🤖 AI Summary
Existing methods struggle to balance collaboration efficiency and communication overhead in dynamic, partially observable, communication-constrained, and decentralized multi-agent environments—such as heterogeneous land-air-water unmanned systems. This paper proposes a goal-oriented decentralized multi-agent reinforcement learning framework featuring a novel goal-aware sparse communication mechanism. Each agent autonomously decides whether to communicate and which task-relevant features to share, based solely on its local observations and current sub-goal. This design significantly reduces bandwidth requirements while preserving collaborative performance. Experiments on multi-agent navigation tasks demonstrate that our approach substantially improves task success rates and reduces average time-to-goal.
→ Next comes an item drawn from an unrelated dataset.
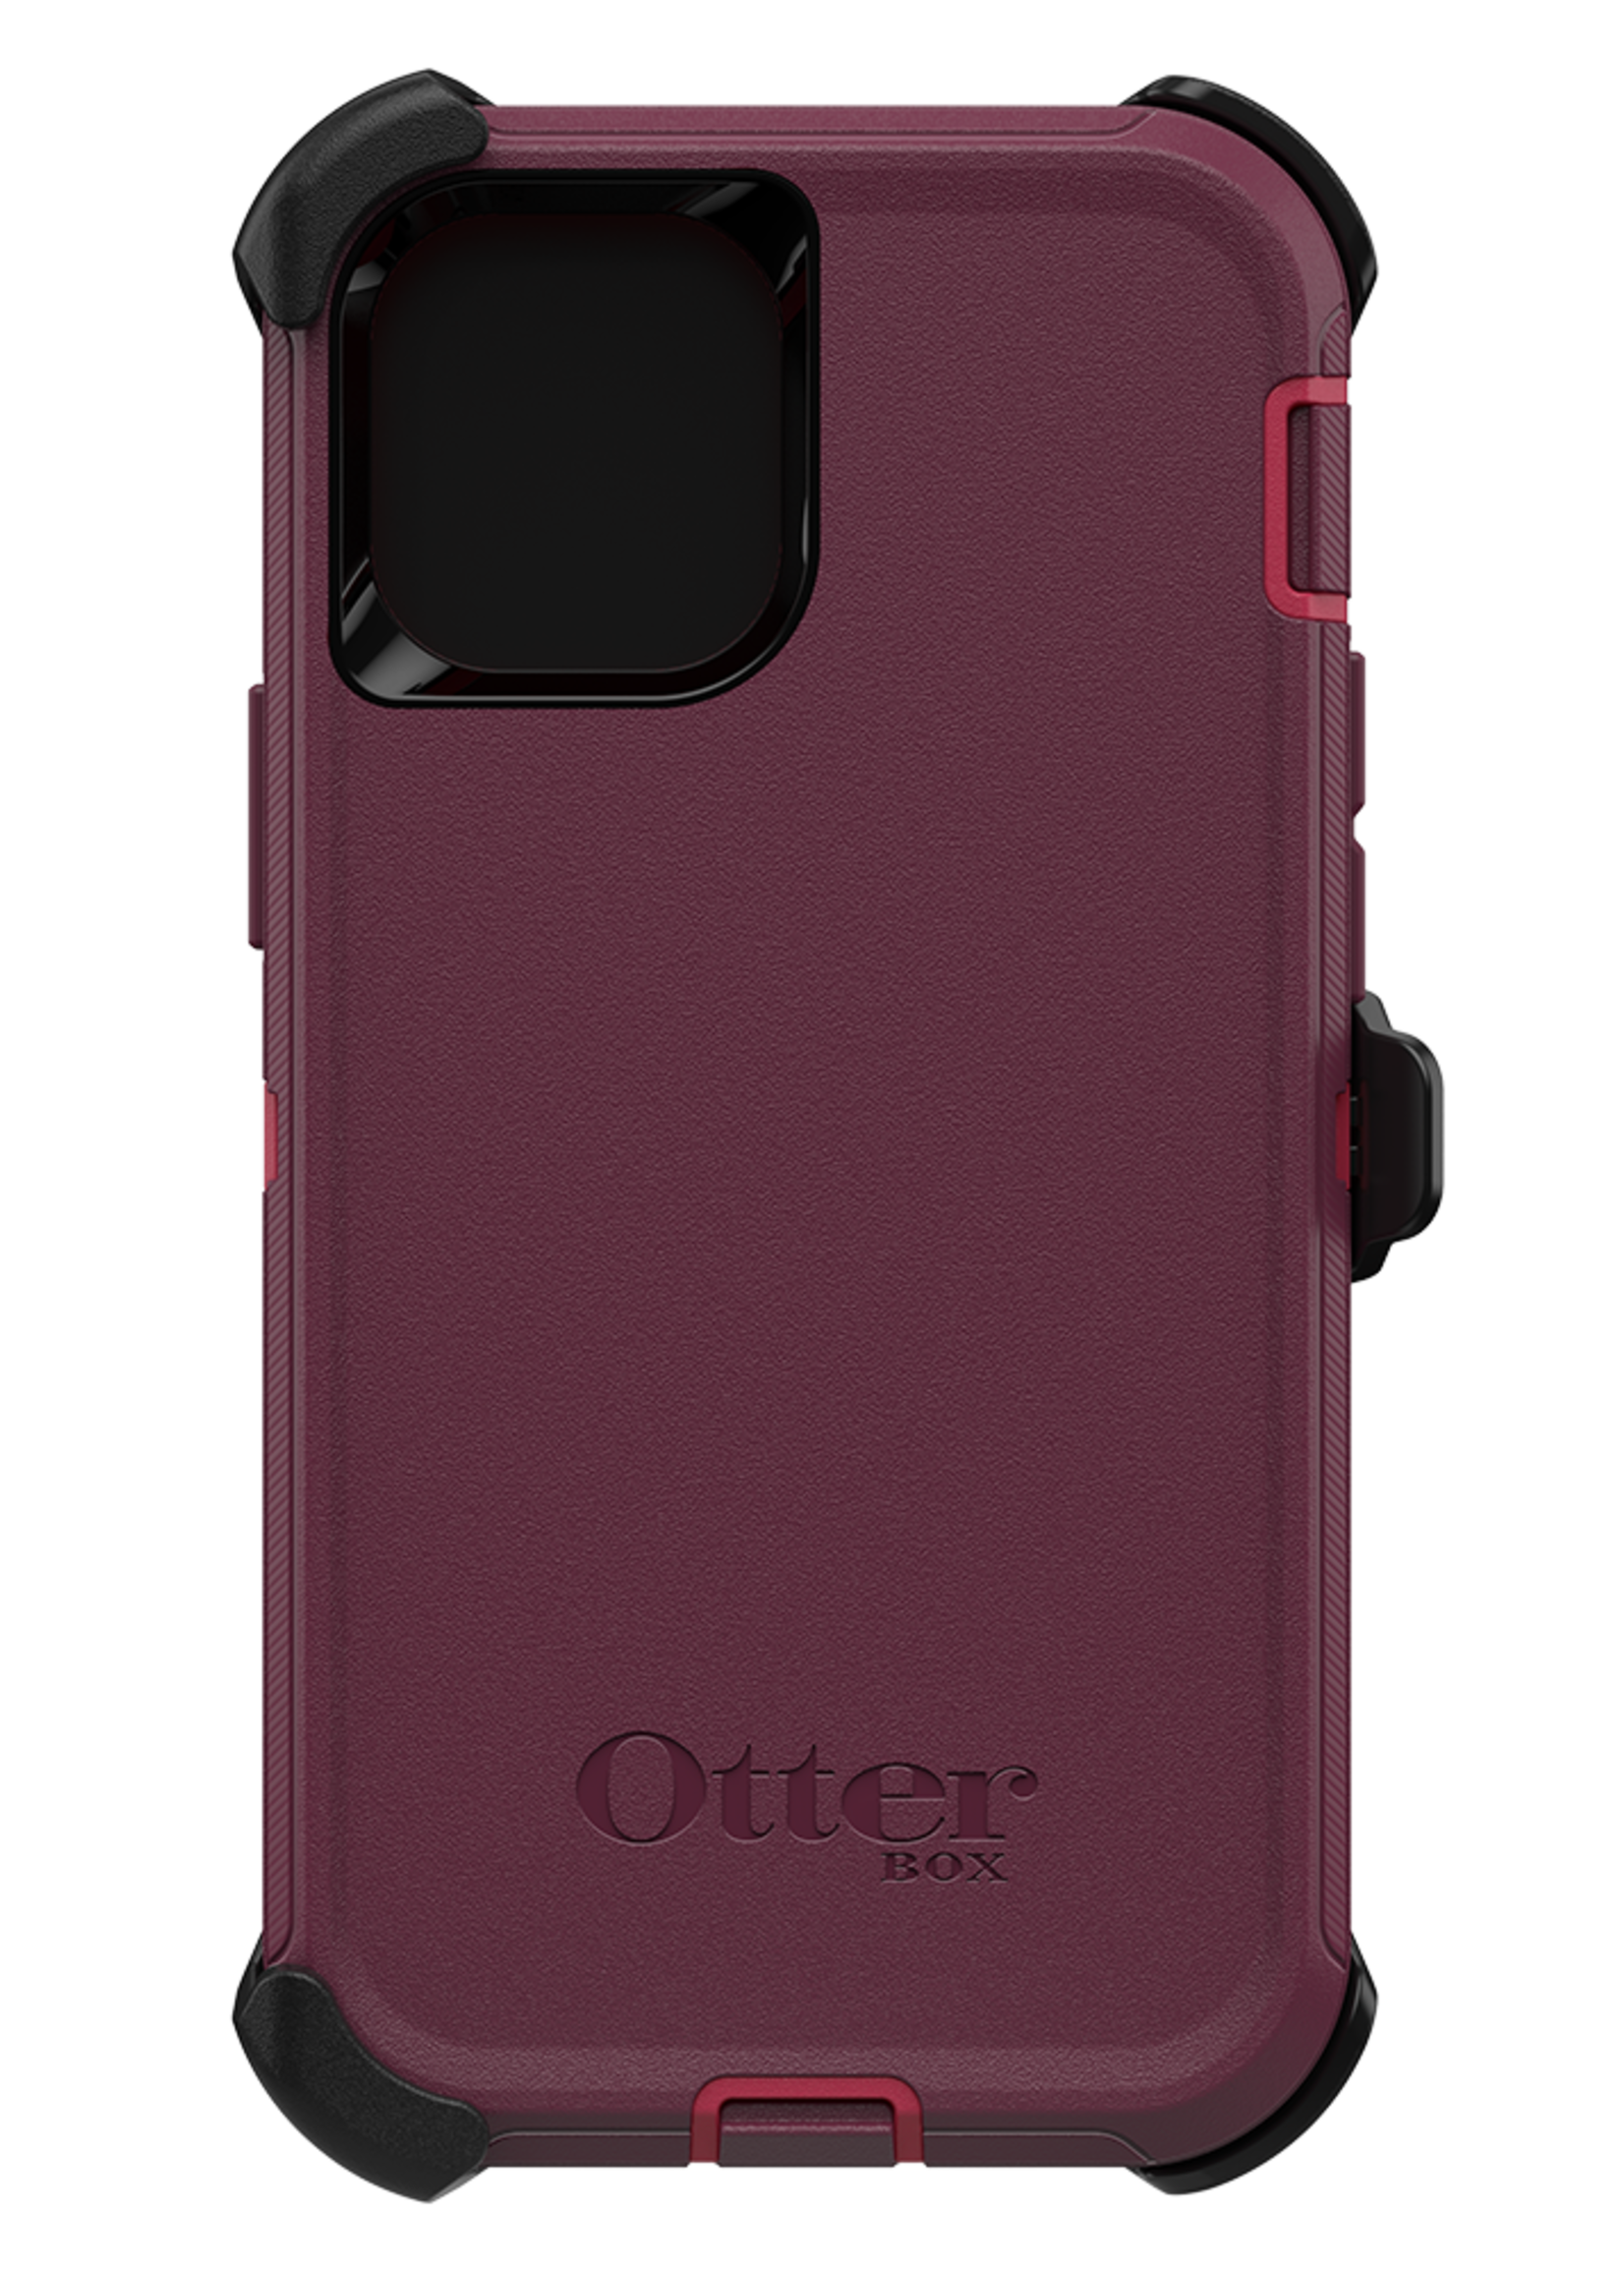 Otterbox OtterBox - Defender Case for Apple iPhone 12 mini - Berry Potion

Crucially, performance remains stable as the number of agents scales up, confirming the method’s effectiveness, robustness, and scalability.
📝 Abstract
Connected and autonomous vehicles across land, water, and air must often operate in dynamic, unpredictable environments with limited communication, no centralized control, and partial observability. These real-world constraints pose significant challenges for coordination, particularly when vehicles pursue individual objectives. To address this, we propose a decentralized Multi-Agent Reinforcement Learning (MARL) framework that enables vehicles, acting as agents, to communicate selectively based on local goals and observations. This goal-aware communication strategy allows agents to share only relevant information, enhancing collaboration while respecting visibility limitations. We validate our approach in complex multi-agent navigation tasks featuring obstacles and dynamic agent populations. Results show that our method significantly improves task success rates and reduces time-to-goal compared to non-cooperative baselines. Moreover, task performance remains stable as the number of agents increases, demonstrating scalability. These findings highlight the potential of decentralized, goal-driven MARL to support effective coordination in realistic multi-vehicle systems operating across diverse domains.